I was just thinking....asking procrastinaters for help might take a while to get responses

I am the same way, not for any childhood reasons that I can think of but, I think I do it for things that seem overwhelming to get completed. I know it's partly being somewhat of a perfectionist and also just lack of time so I tend to do the things that I know I can start/finish quickly and put off the more difficult things even if they are a higher priority. I have been better at letting my husband know when I'm doing it and why...

one example is my car...it's been leaking oil...I got an estimate. They did a thorough test with dye and found it leaks in 2 places...but it's been months and I still haven't made the appointment to take it in...because I keep thinking I'll shell out the money and the car will still leak and then it will become a nightmare for me to deal with...My husband said he'd call and make sure whatever we pay them is to fix the leak, not just the 2 spots they found and if they can't guarantee that, then we will go somewhere else. So he has been able to help me in that way, but if he nagged me about it I think it would go directly to the bottom of my list because it's stressing me out enough already.

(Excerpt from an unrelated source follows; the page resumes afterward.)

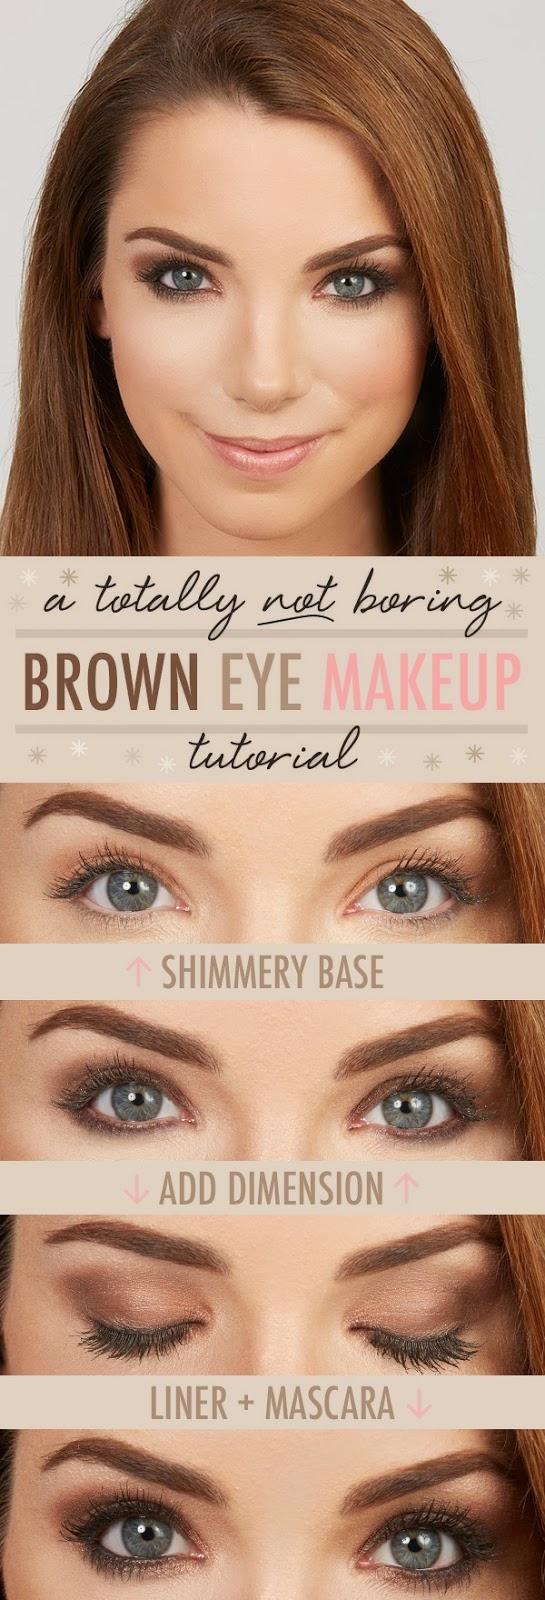 Makeup Tutorial For Brown Eyes Younique Kristen Morton Brown Eye Makeup Tutorial
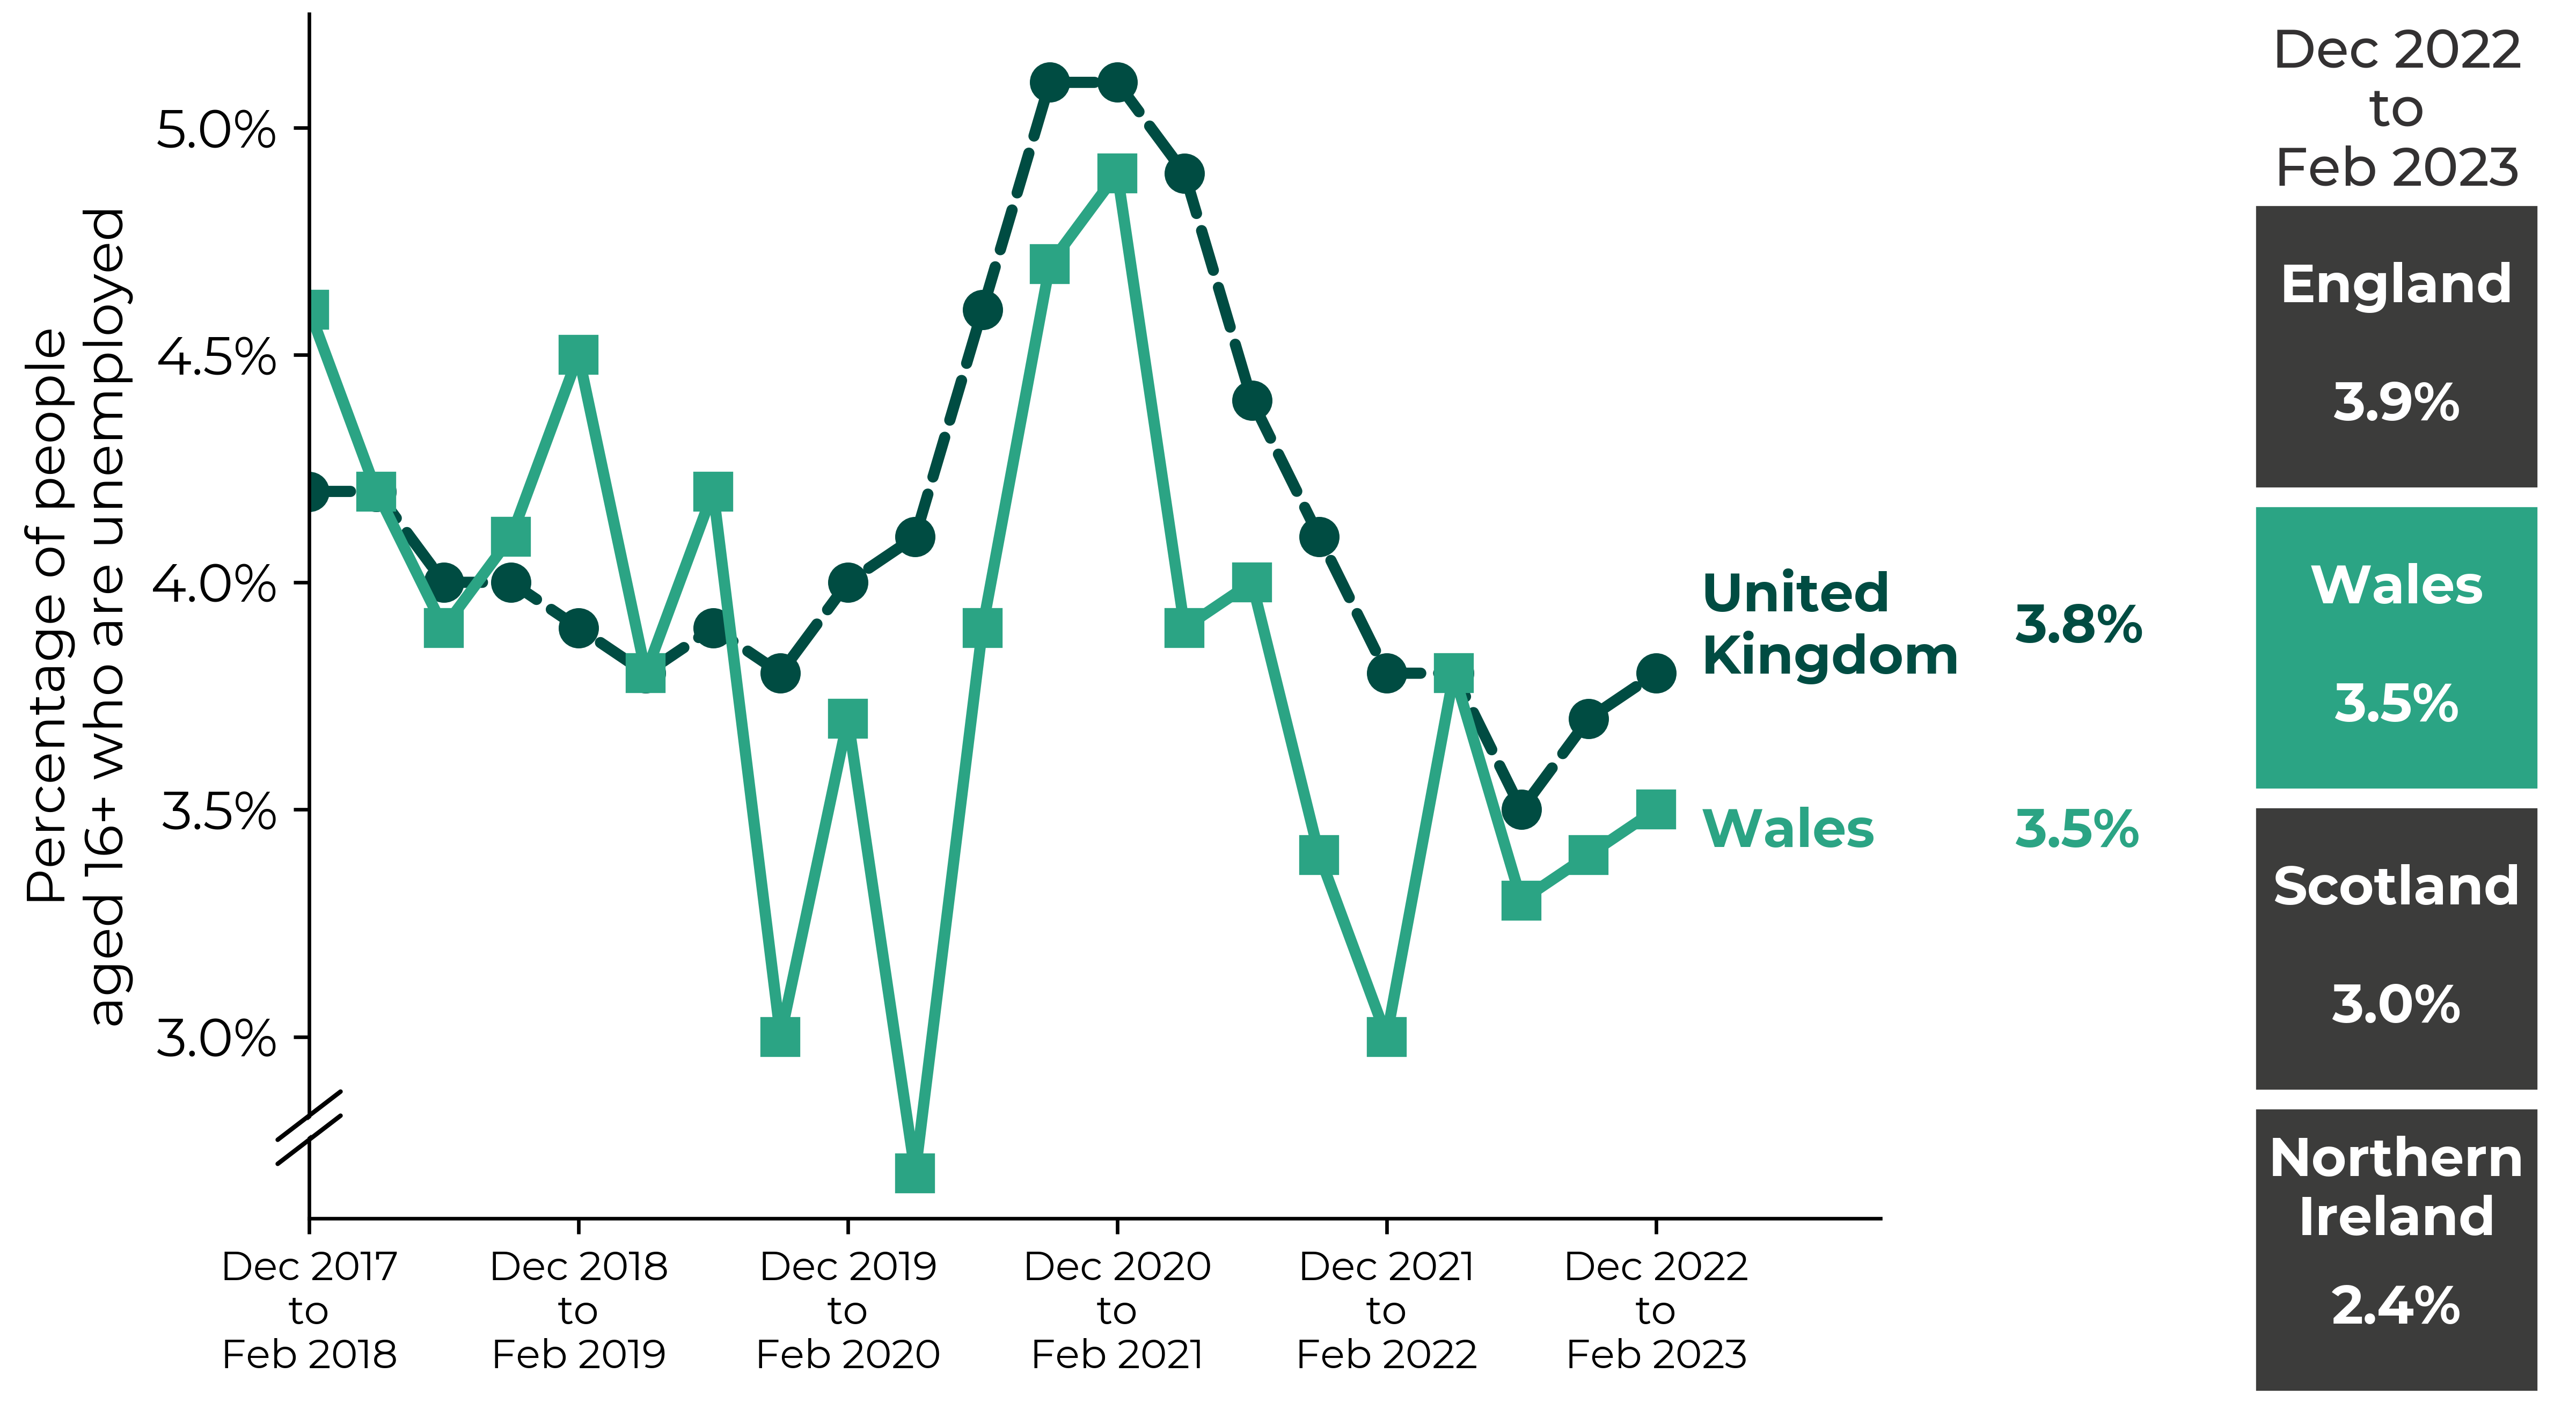 Graph showing an overall decrease in Wales' unemployment rate from over 4.5% in 2017 to under 3% in early 2020. This was followed by a peak of almost 5% during the period December 2020 to February 2021. UK unemployment rate followed a similar pattern. Figures for the latest period (December 2022 to February 2023) are Northern Ireland 2.4%, Scotland 3.0%, Wales 3.5%, England 3.9% and UK 3.8%.

I guess it comes down to breaking down the tasks that get put off and figuring out what about them is causing them to get on that list and see if your wife can help you with getting them done.

If it's more of the honey-do list type of stuff, I guess the list might help (at least she will only have to ask once) and dry erase isn't bad because she can put priorities on things as they get added...then you could plan up front to get certain things done by certain dates.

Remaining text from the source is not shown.